Now that he has been granted U.S. citizenship, he's so proud of the red, white and blue that he's using his talent to create a 4-foot-by-6-foot patriotic oil painting he hopes to hand over personally to President Obama.

"This is the country of miracles," he said.

He has an exhibition coming up when Cosmopolitan Connections Inc. is scheduled to host an artist exhibition event from 7 to 9 p.m. April 21 at Caramel Bar & Lounge inside the Bellagio. Admission to the business mixer is free, but space is limited. RSVPs are required by visiting

The Summerlin resident recently was in the running with four other painters to be the official portrait artist for outgoing Gov. Jim Gibbons. His version was not selected, but Gibbons personally went to his house to receive it.

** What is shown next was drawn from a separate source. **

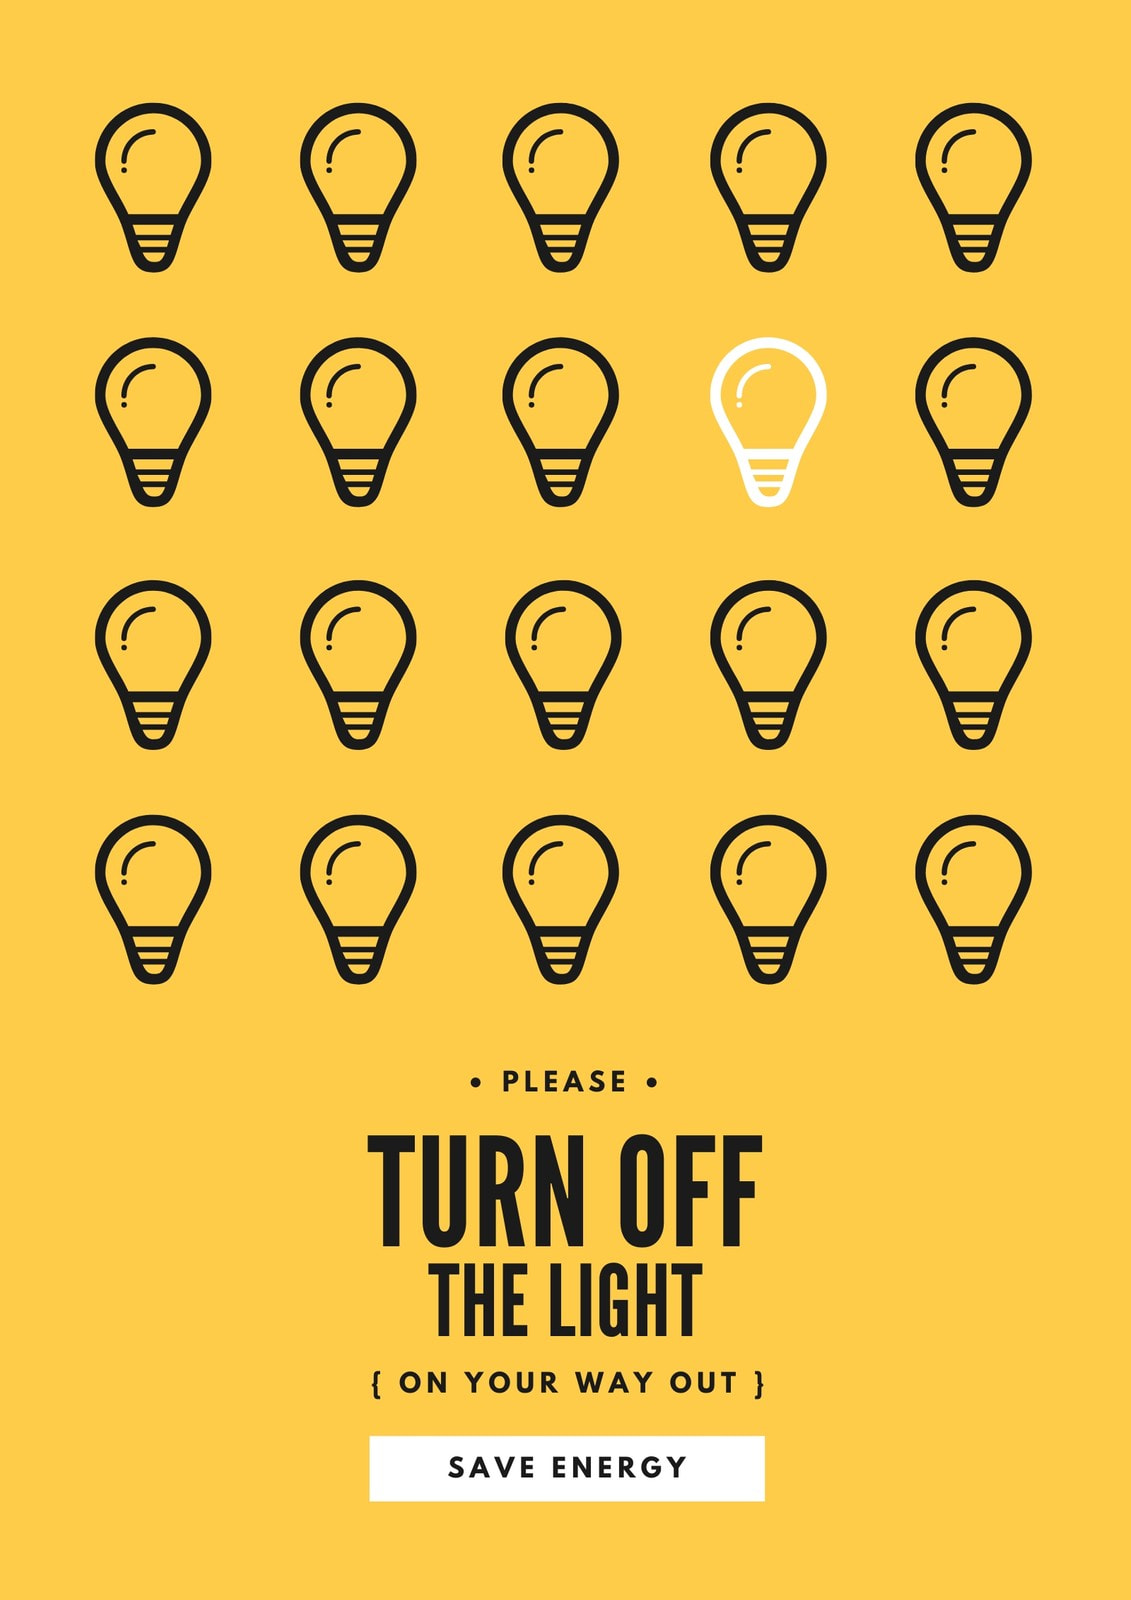 Lightbulbs Save Energy Campaign Poster
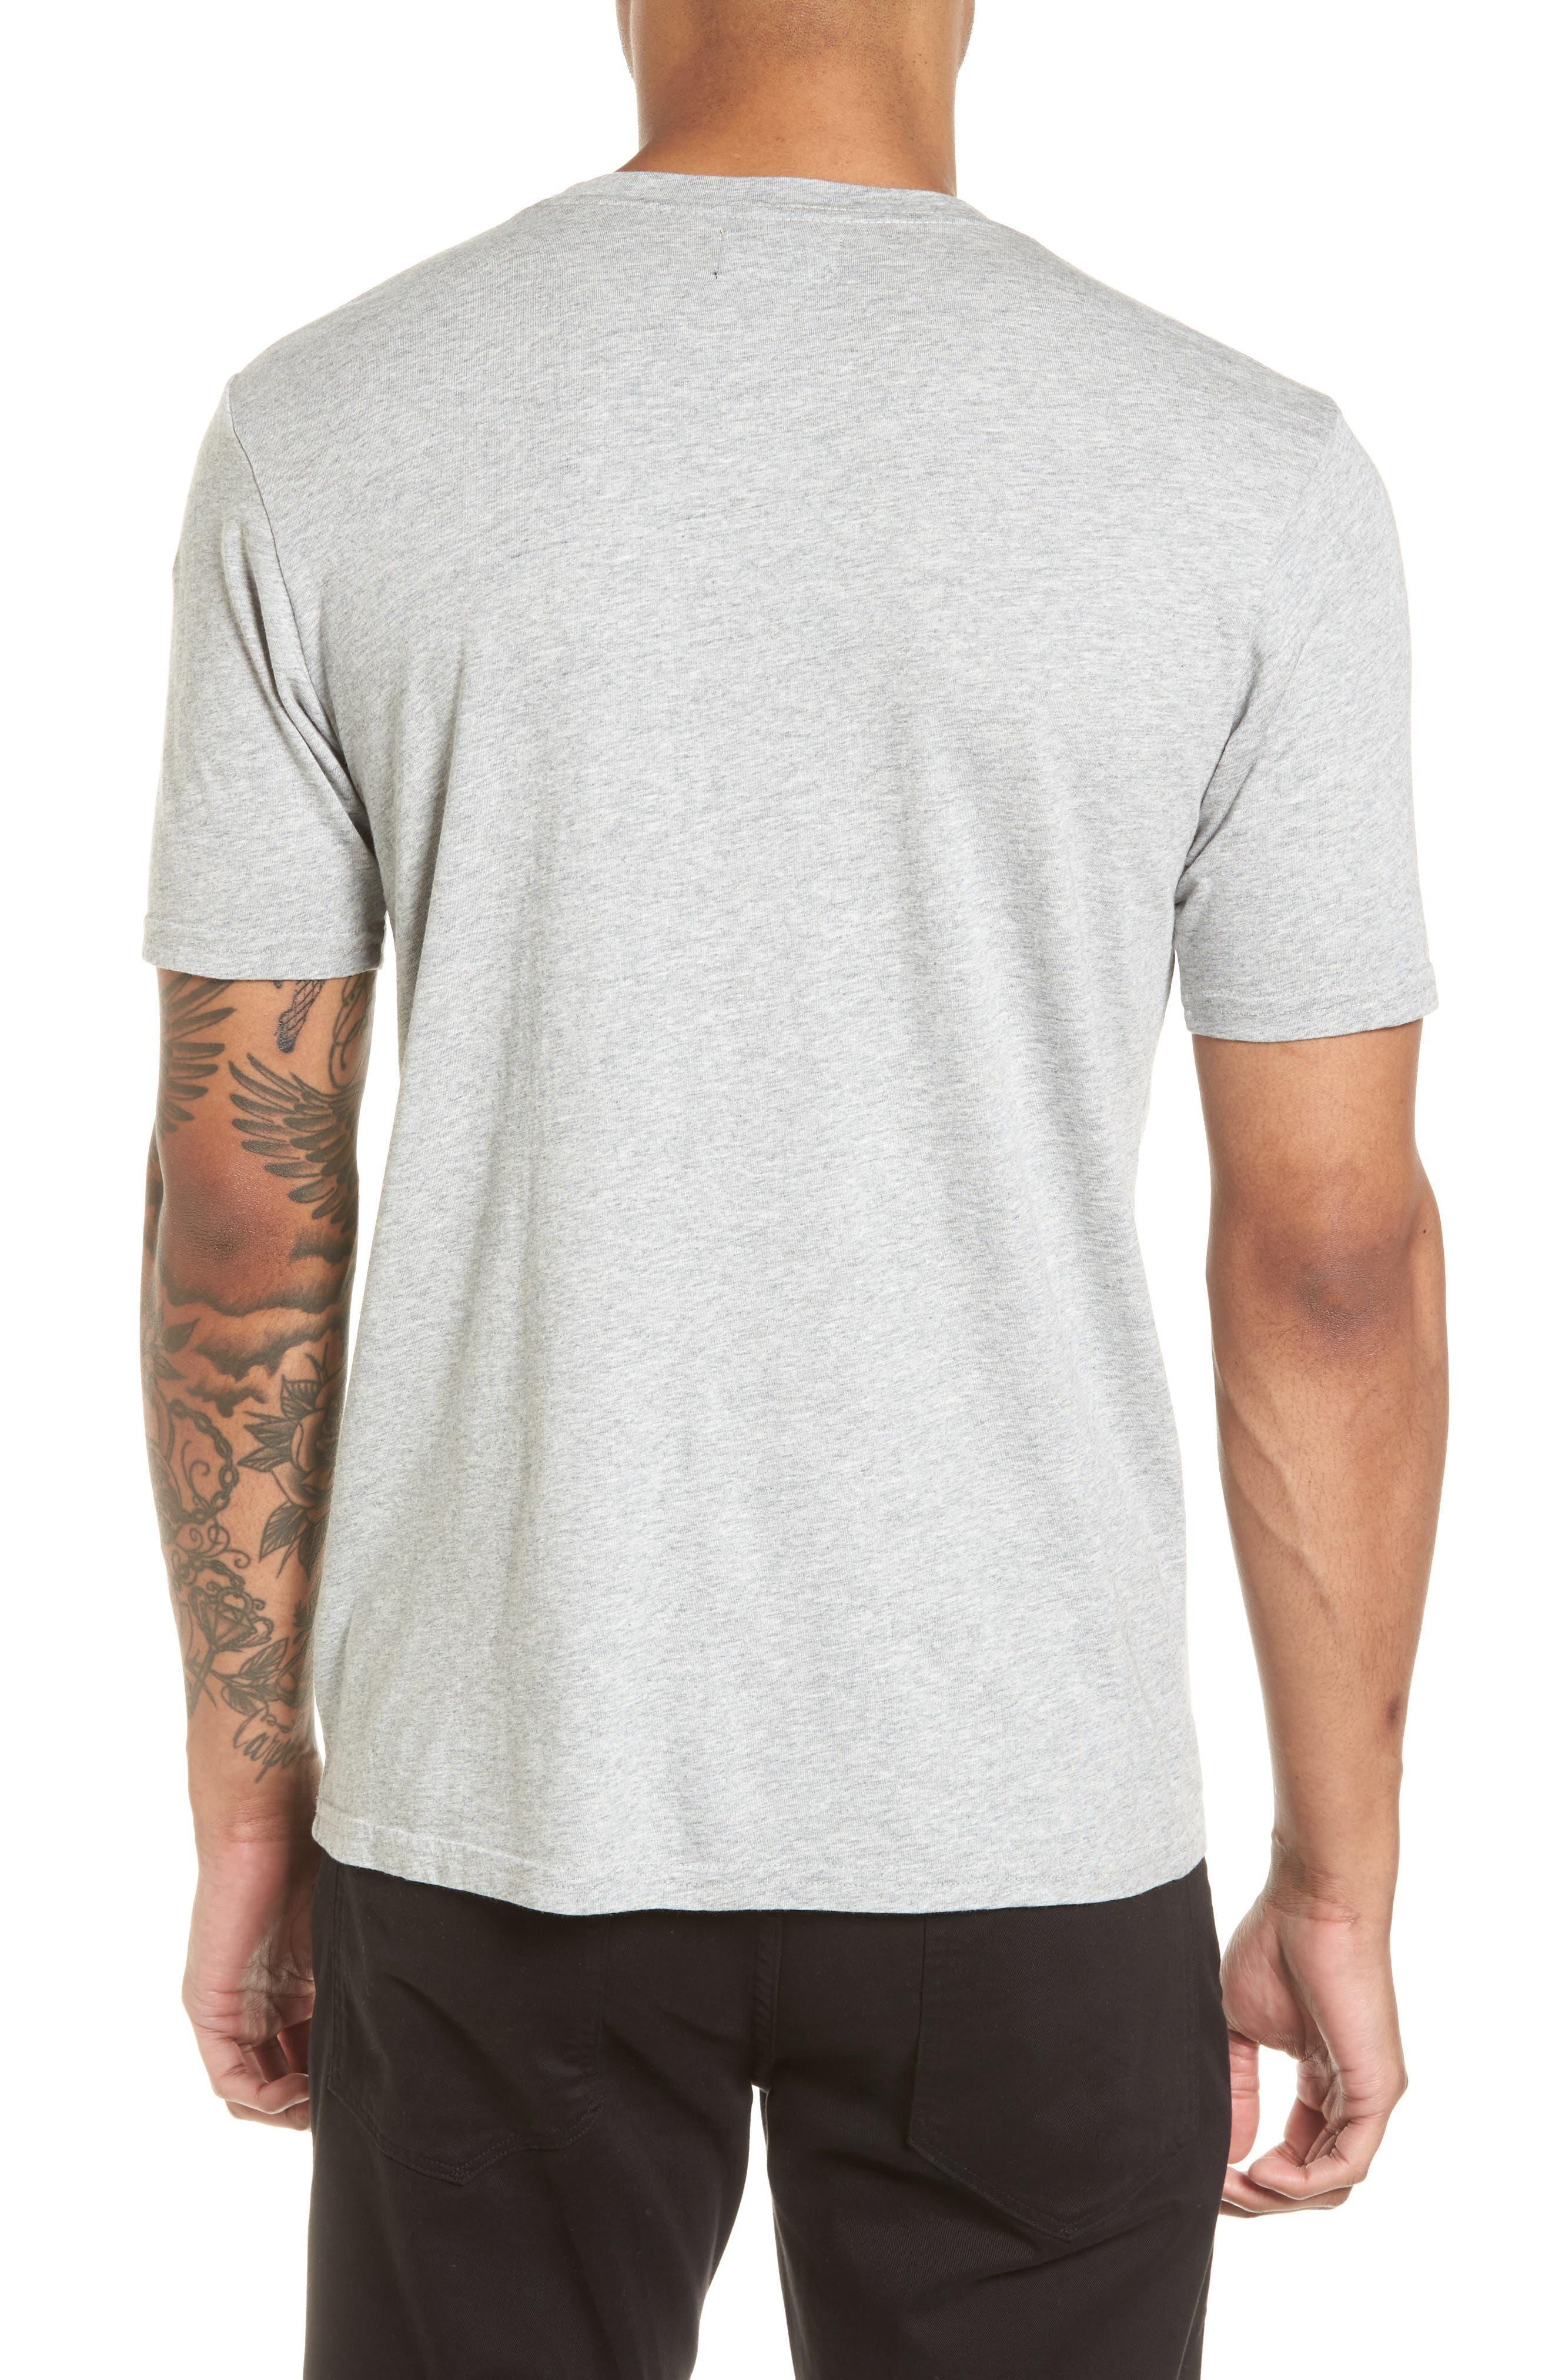 Alternate Image 2  - Goodlife Crewneck T-Shirt

Krasky's zest for all things American stems from his experiences. As a youngster in Russia's Crimea region -- now part of Ukraine -- he had a privileged childhood, the son of a surgeon father and a mother who was a doctor. They lived in various parts of the world before returning to Crimea. At 27, Krasky, a fireman who was on the Russian radar for speaking out against some government policies, knew he had to flee the country. The idea to emigrate to the United States took root.

But visas were hard to come by, so in 1997, he traveled to Argentina. From there, he applied for visas to other countries, eventually hopscotching his way through Costa Rica, Nicaragua, Honduras and Guatemala, a month at a time.

"I told them, 'If I go back to my country, I'll be killed tomorrow,' " he said.

But the expected visa to travel to Mexico did not materialize. Krasky suspected that the numerous stamps on his passport raised a red flag.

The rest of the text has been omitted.